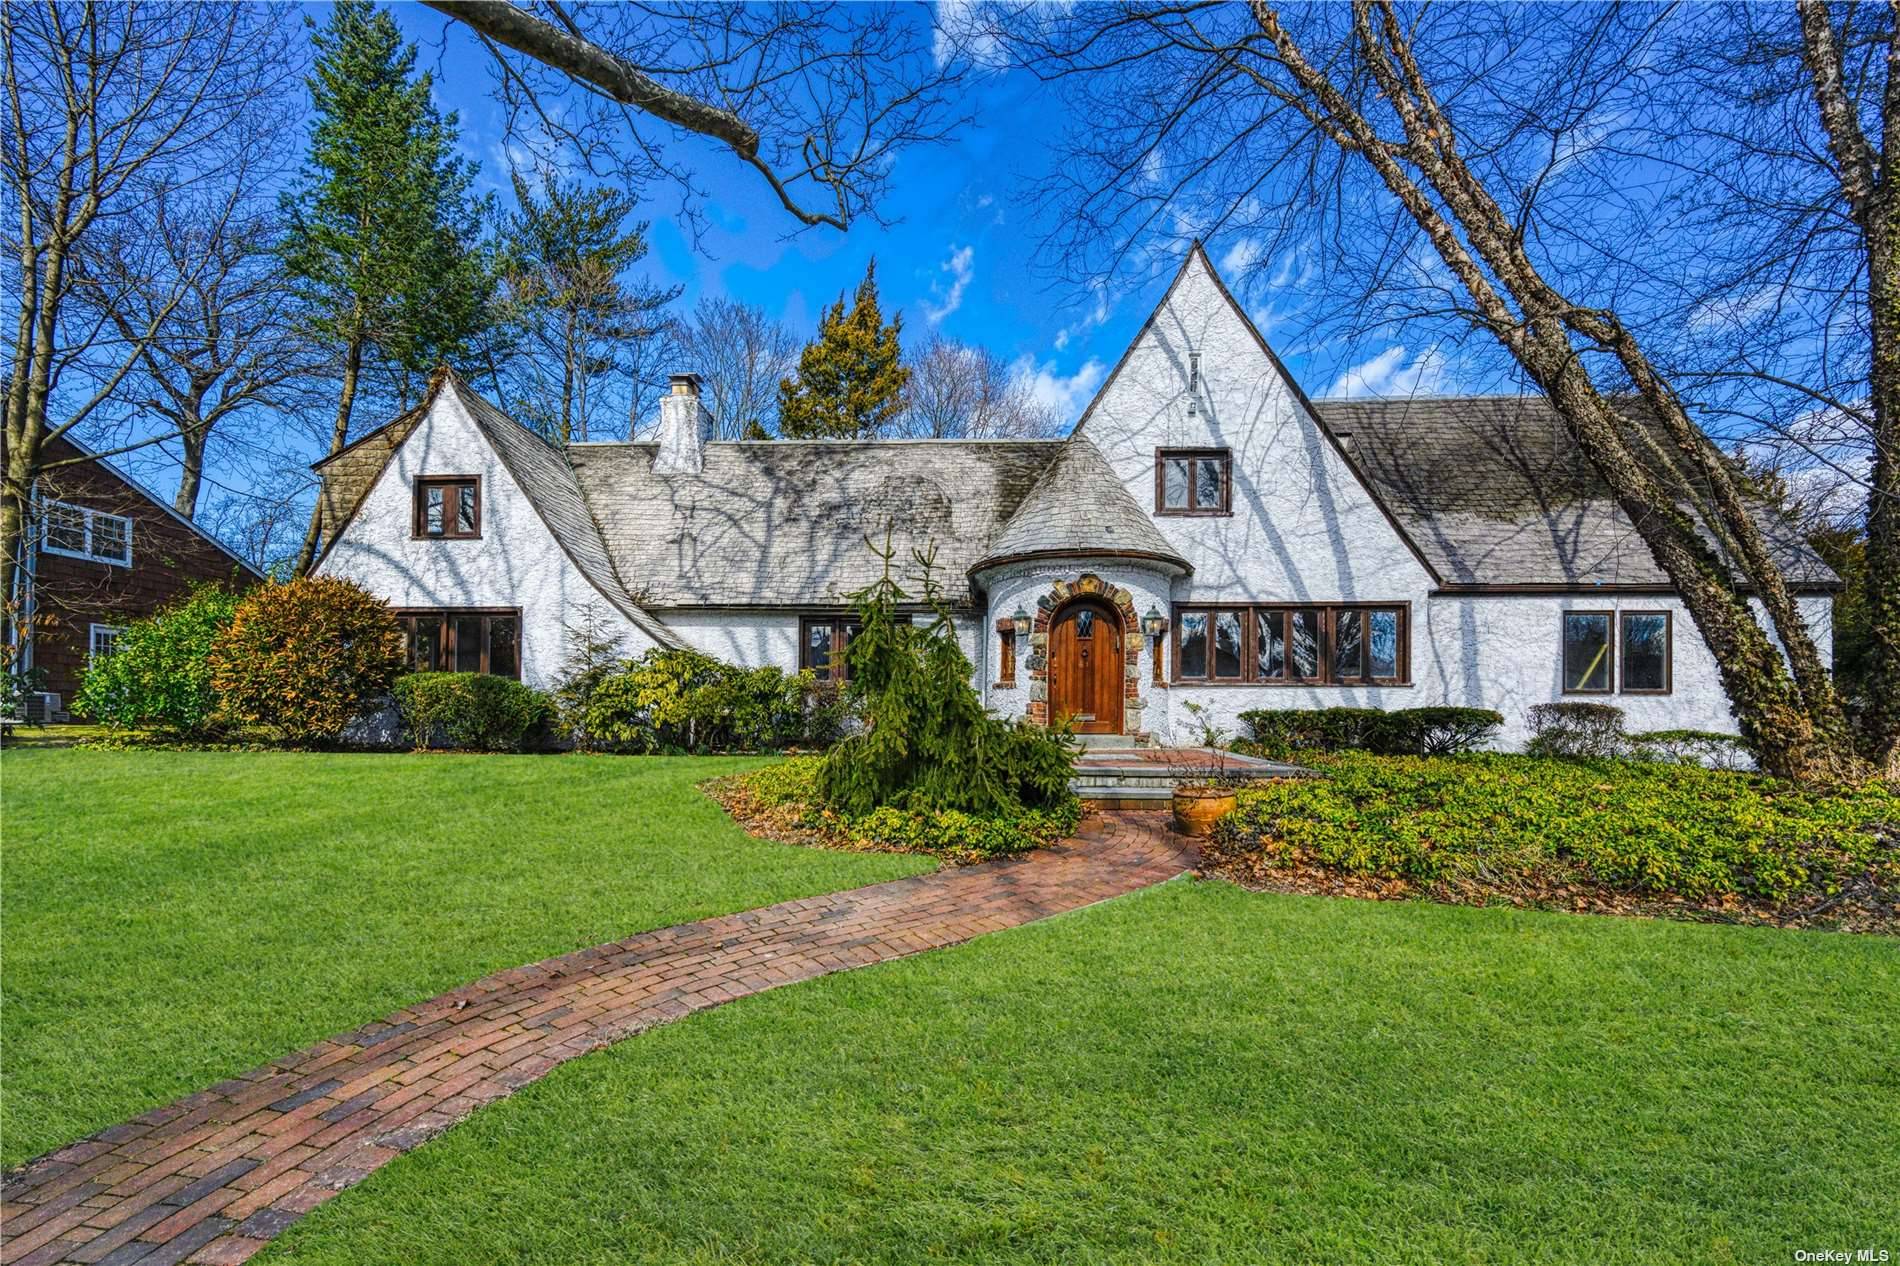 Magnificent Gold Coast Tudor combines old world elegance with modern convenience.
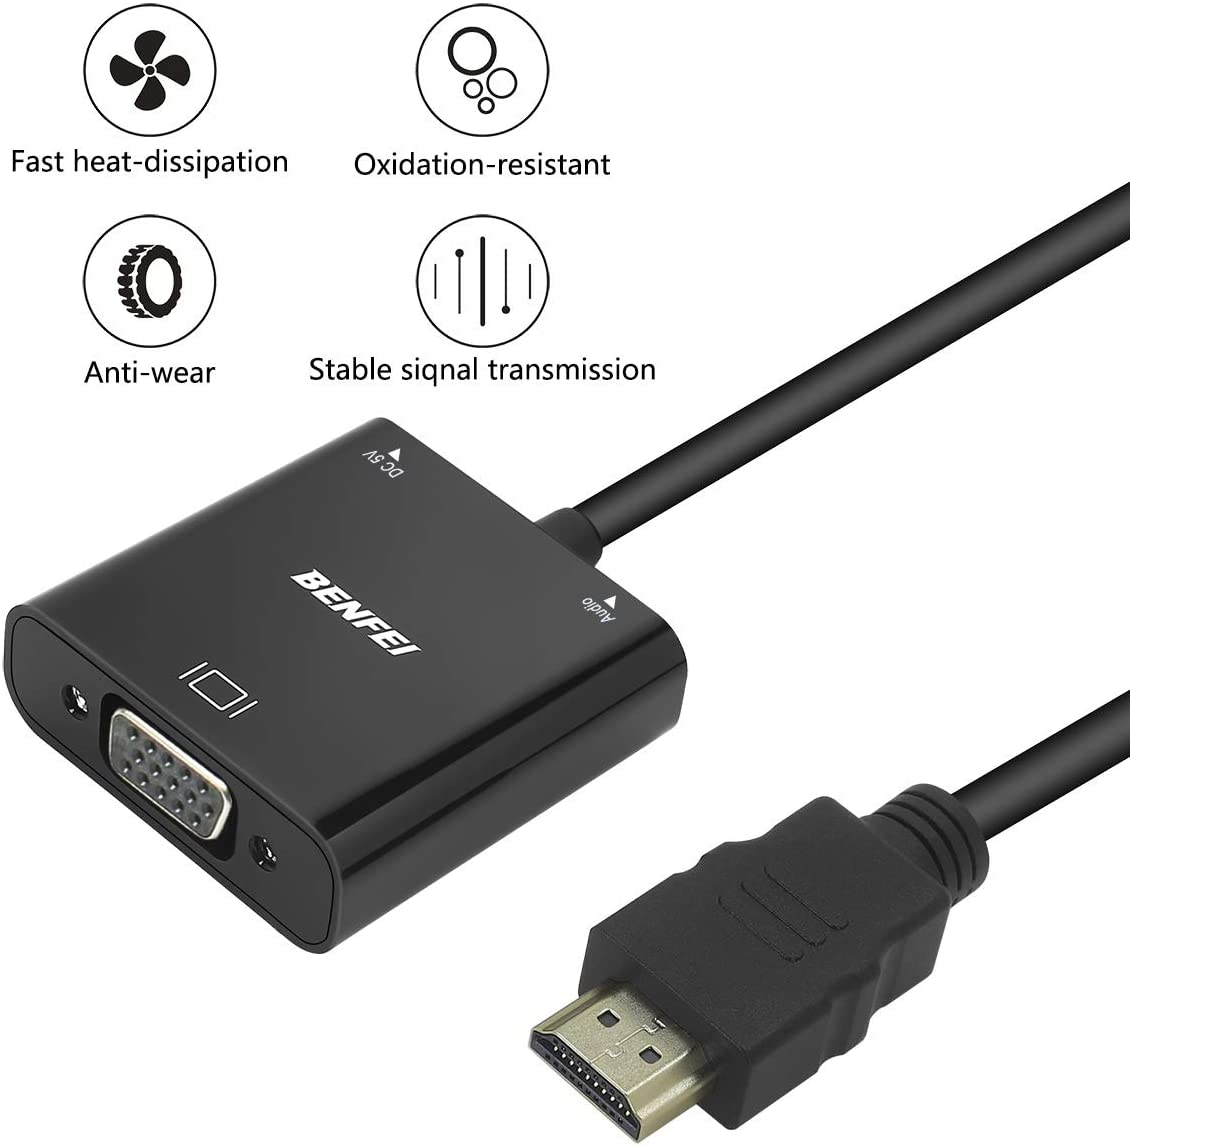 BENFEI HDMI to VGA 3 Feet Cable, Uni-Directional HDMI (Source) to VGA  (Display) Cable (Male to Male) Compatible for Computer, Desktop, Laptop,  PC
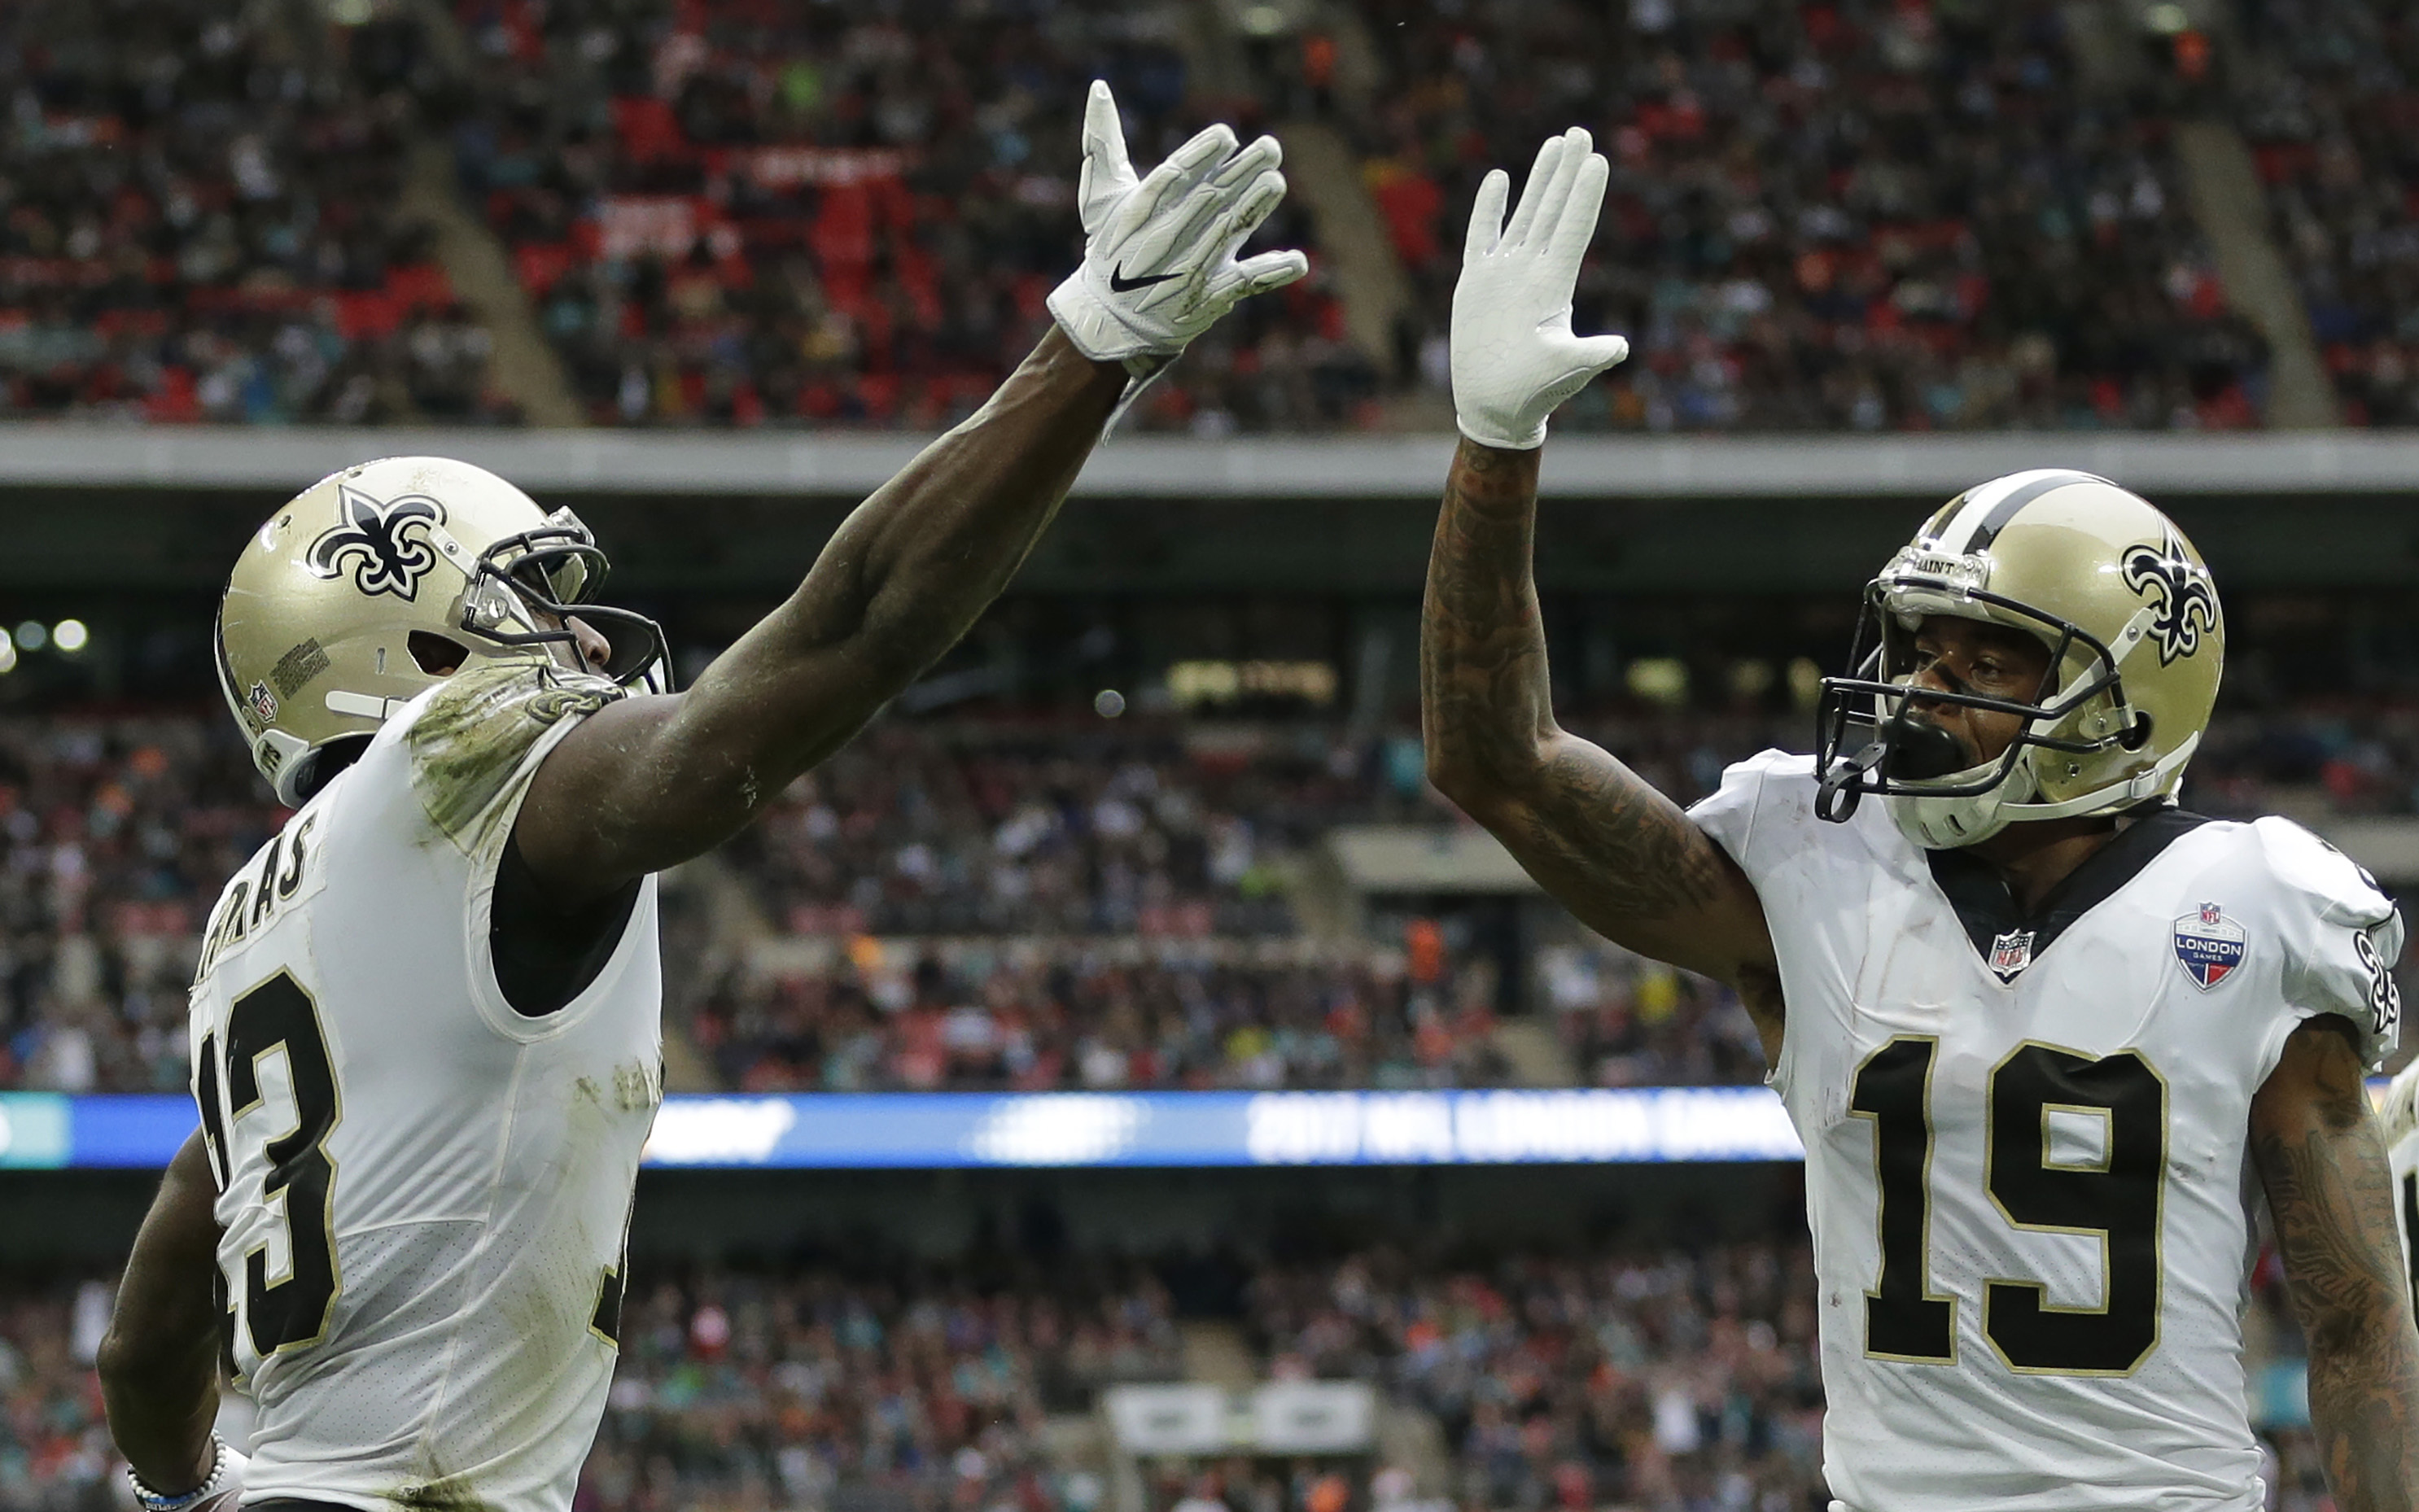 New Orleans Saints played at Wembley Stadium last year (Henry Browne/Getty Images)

What you should do - Word-for-word transcription: the whole listing, with images excluded.

Exercise output -
 Magnificent Gold Coast Tudor combines old world elegance with modern convenience.
 BENFEI HDMI to VGA 3 Feet Cable, Uni-Directional HDMI (Source) to VGA  (Display) Cable (Male to Male) Compatible for Computer, Desktop, Laptop,  PC
 New Orleans Saints played at Wembley Stadium last year (Henry Browne/Getty Images)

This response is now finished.